▶ [Assignment]: Beginning with the line that holds "2016 San Roman Toro" and finishing with the line that holds "Pompeii: Half-Day Excursion", repeat the listing exactly, leaving every picture out.

▶ [Record set]:
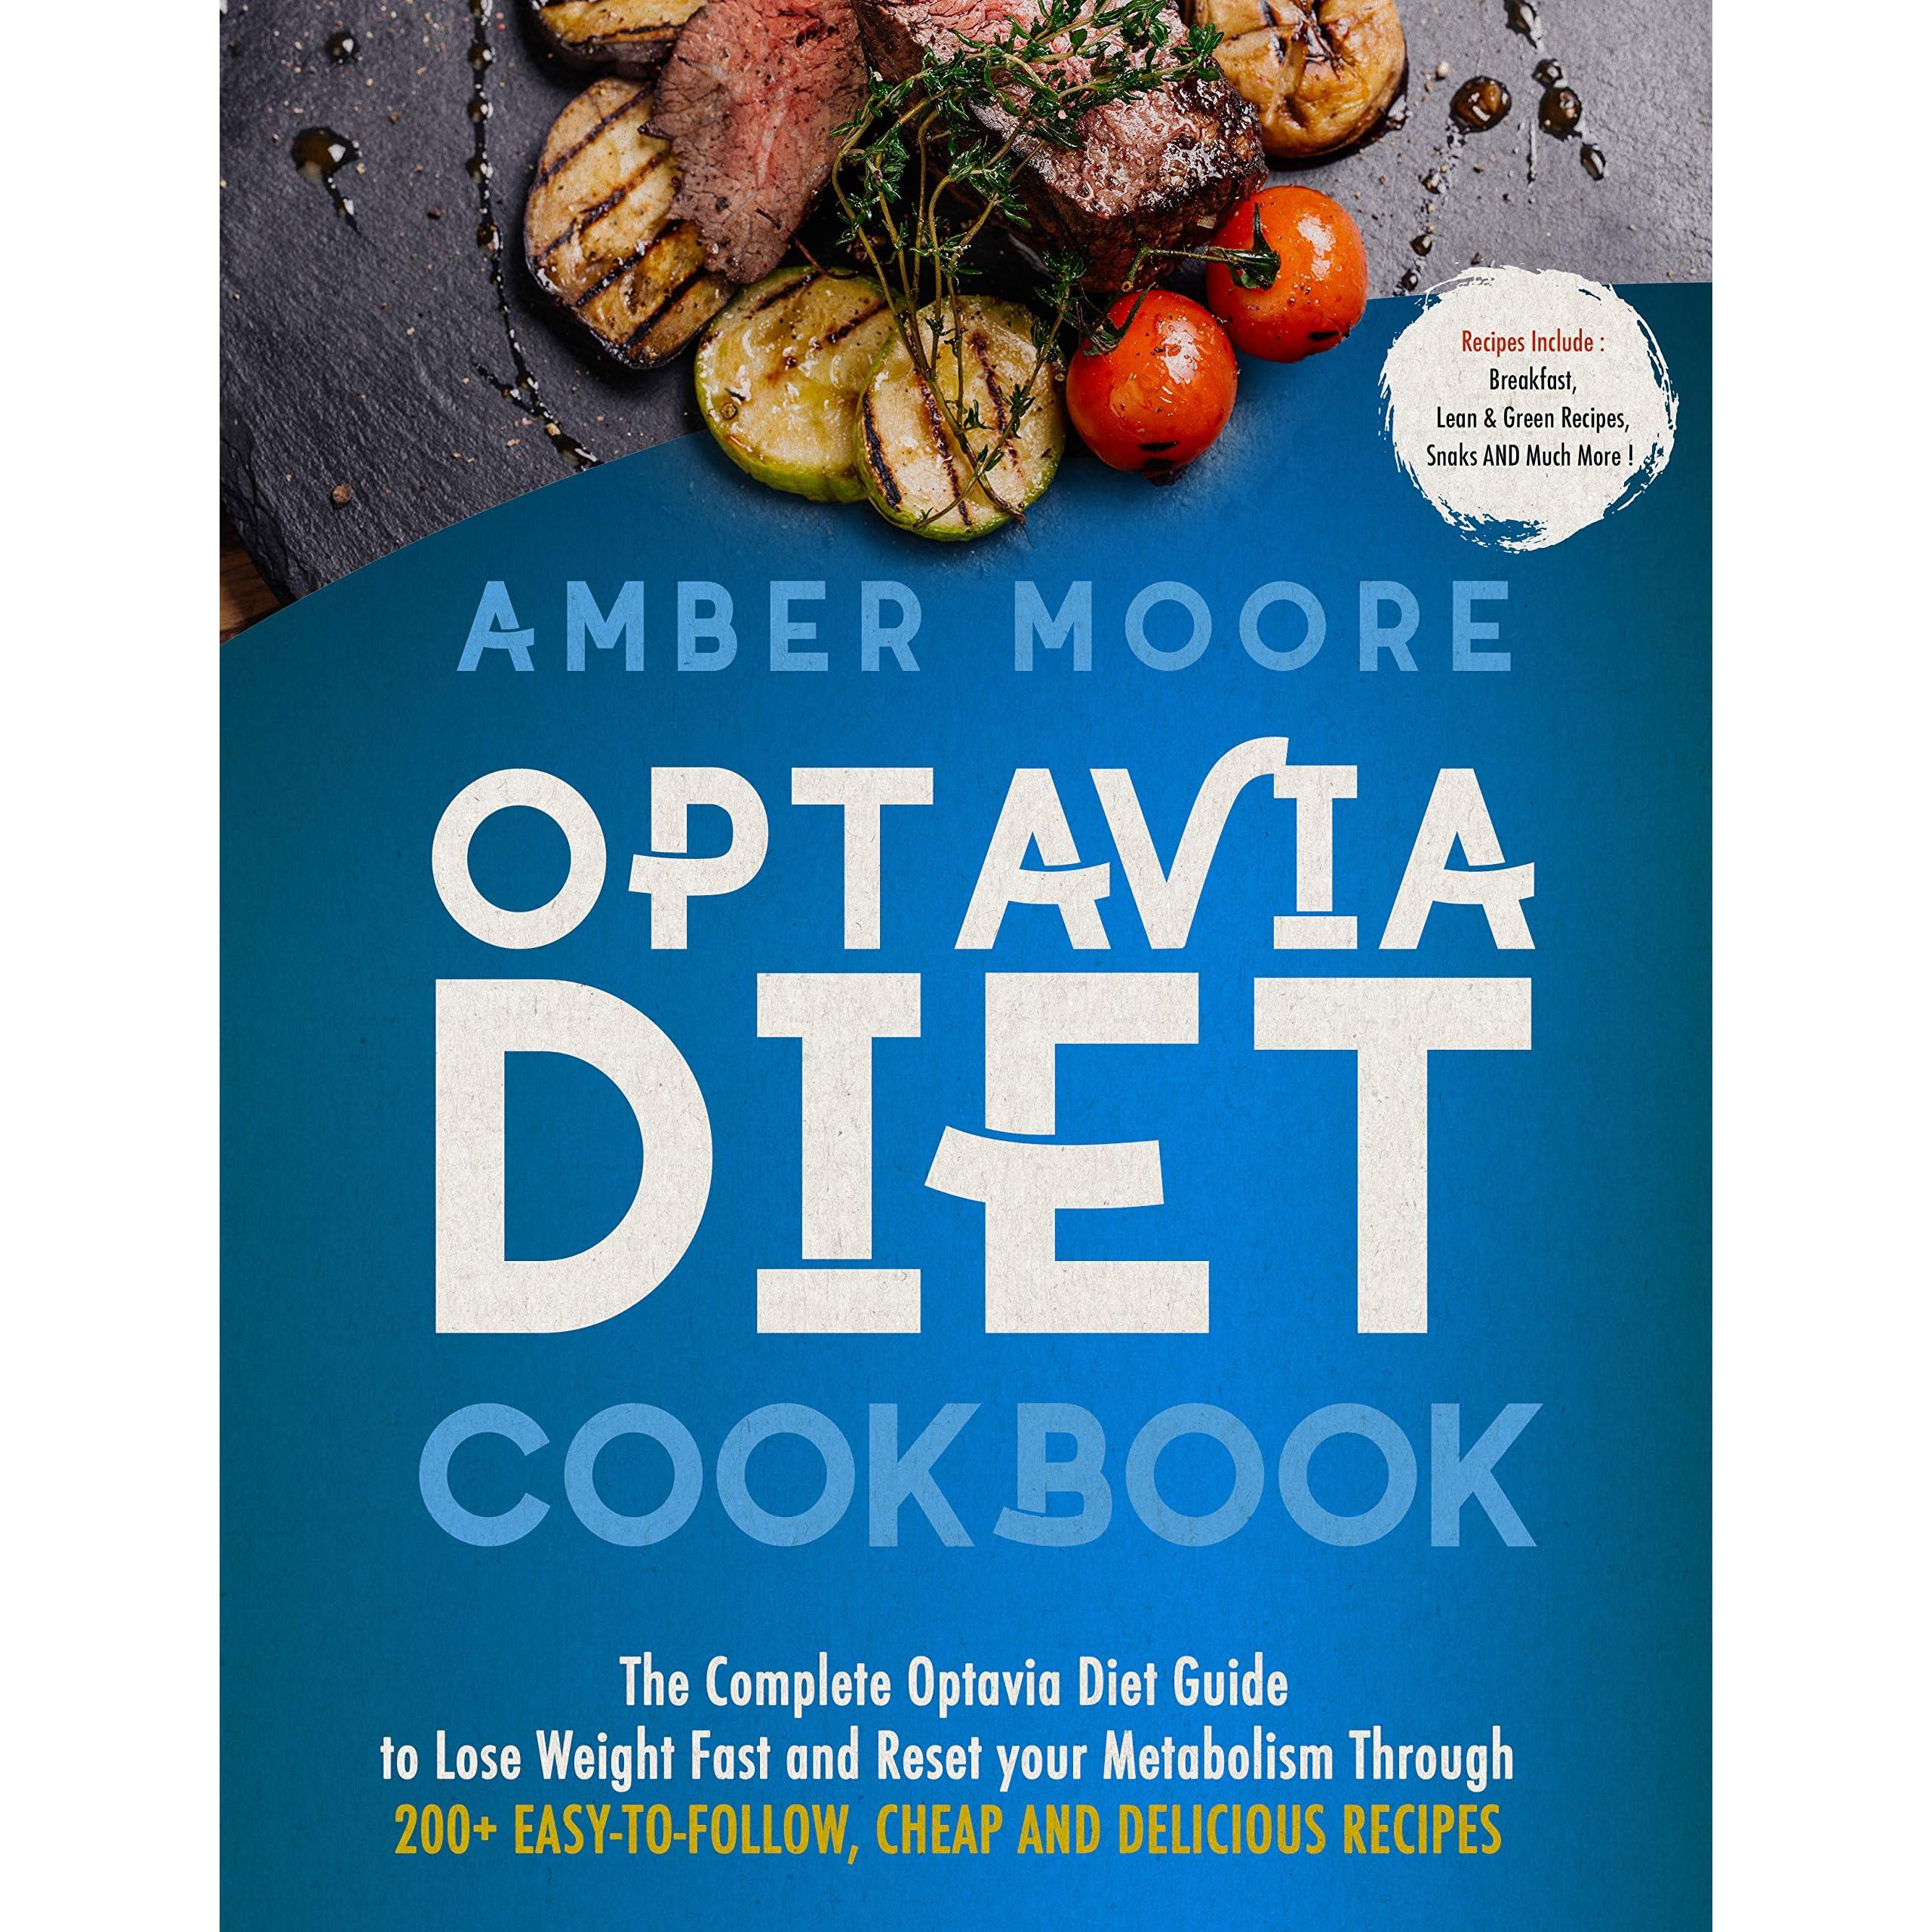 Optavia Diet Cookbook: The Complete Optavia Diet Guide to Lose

...

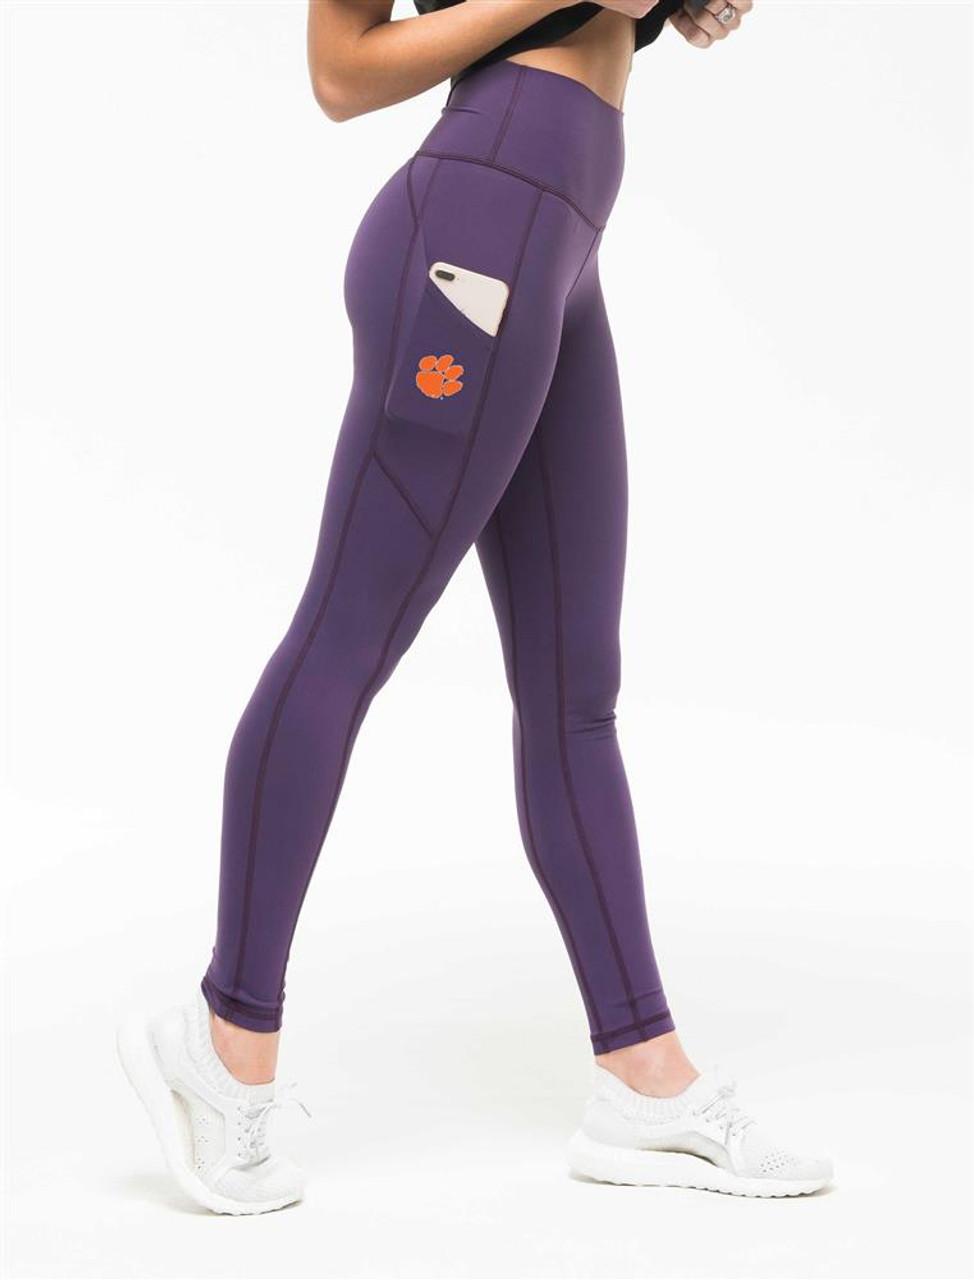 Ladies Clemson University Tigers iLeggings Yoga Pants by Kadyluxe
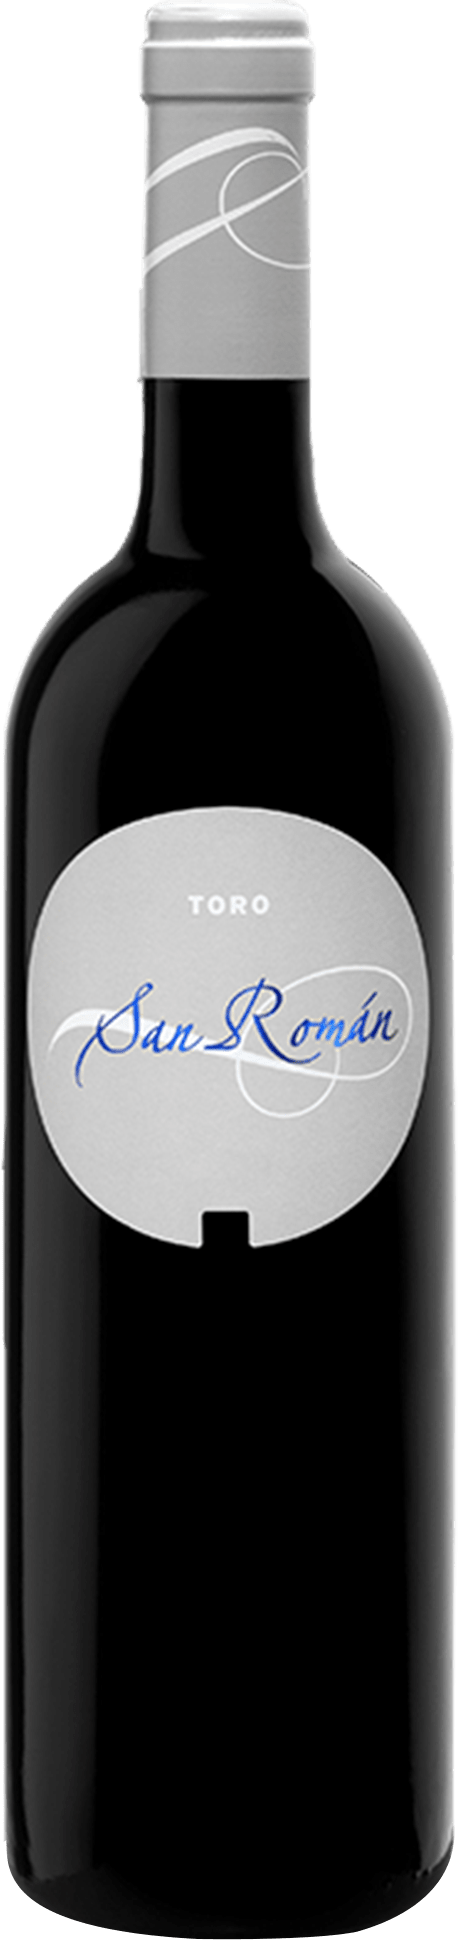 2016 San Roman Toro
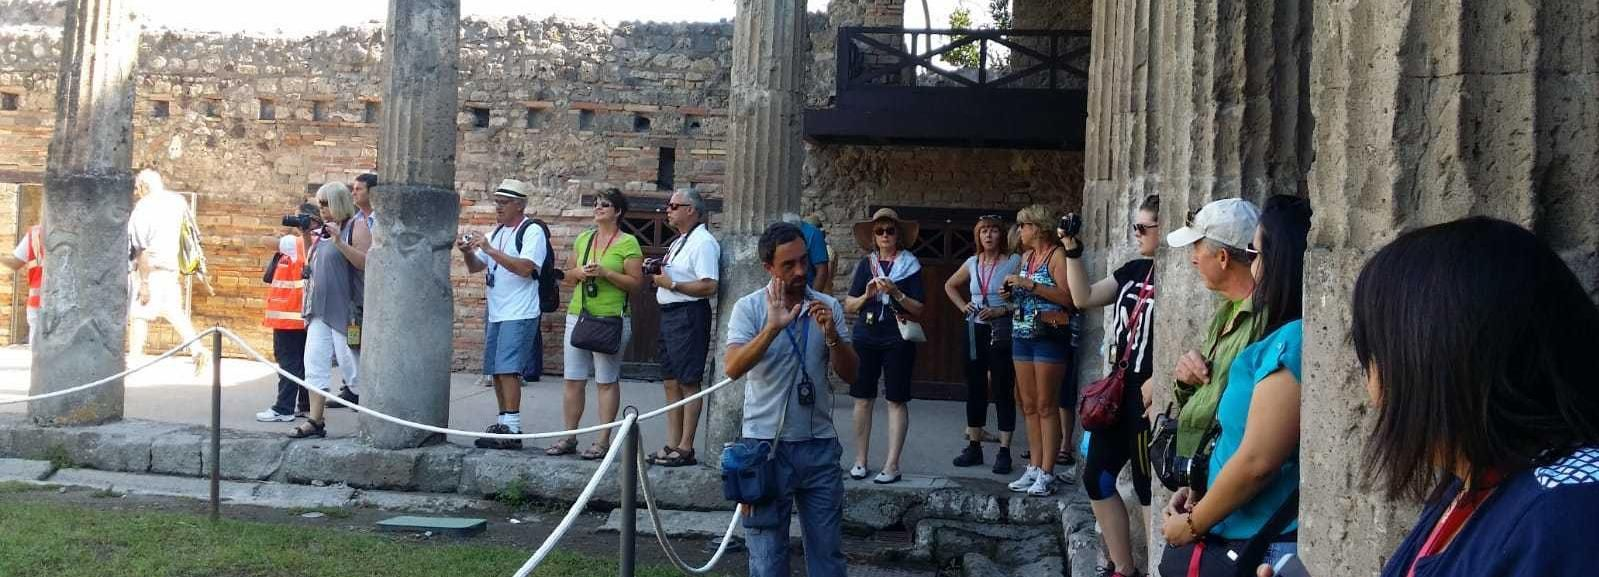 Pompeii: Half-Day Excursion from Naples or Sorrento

* * *

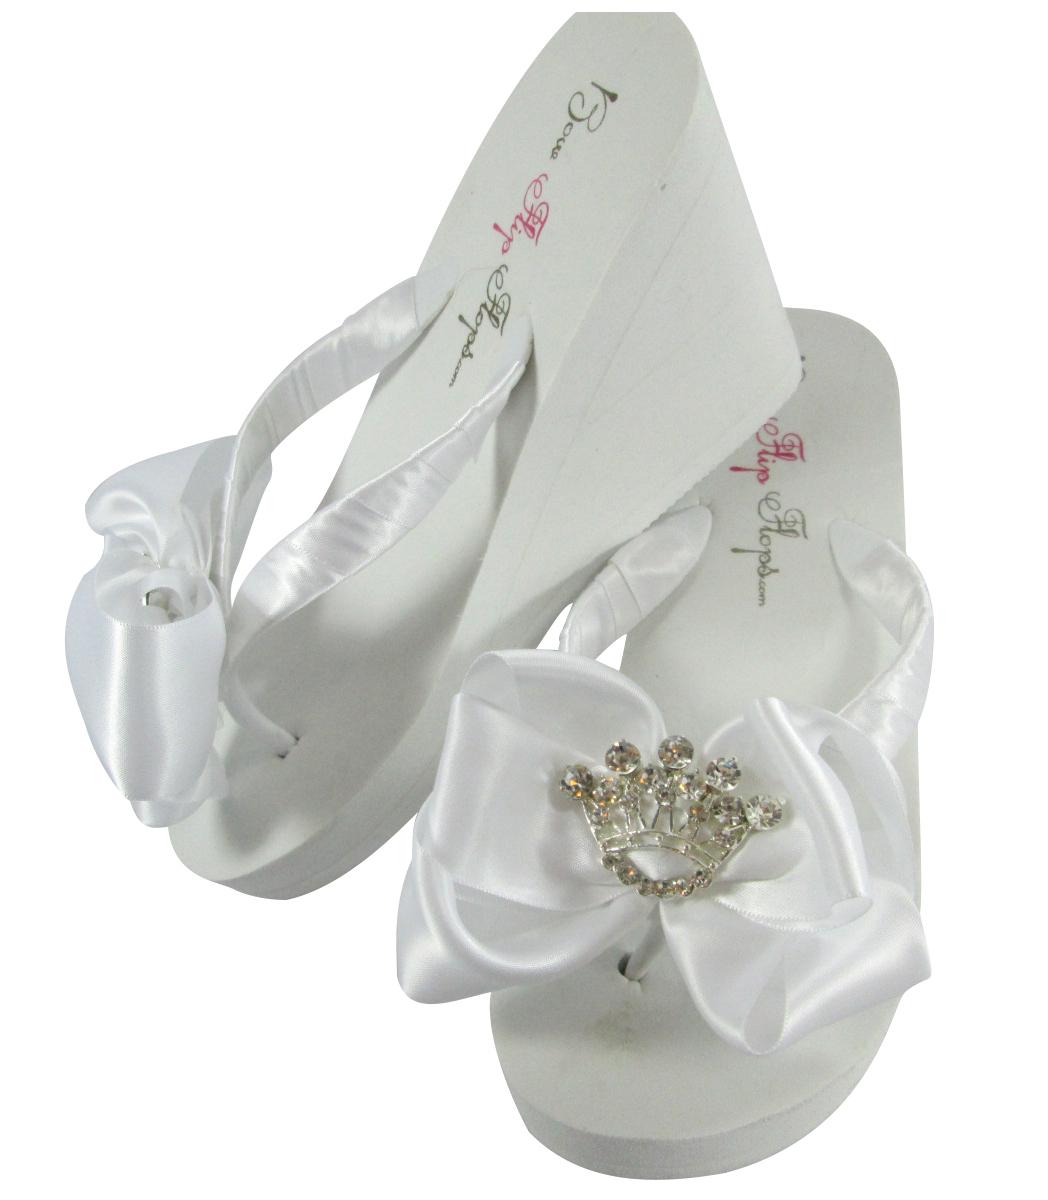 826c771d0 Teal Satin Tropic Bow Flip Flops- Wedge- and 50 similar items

▶ [Response box]:
 2016 San Roman Toro
 Pompeii: Half-Day Excursion from Naples or Sorrento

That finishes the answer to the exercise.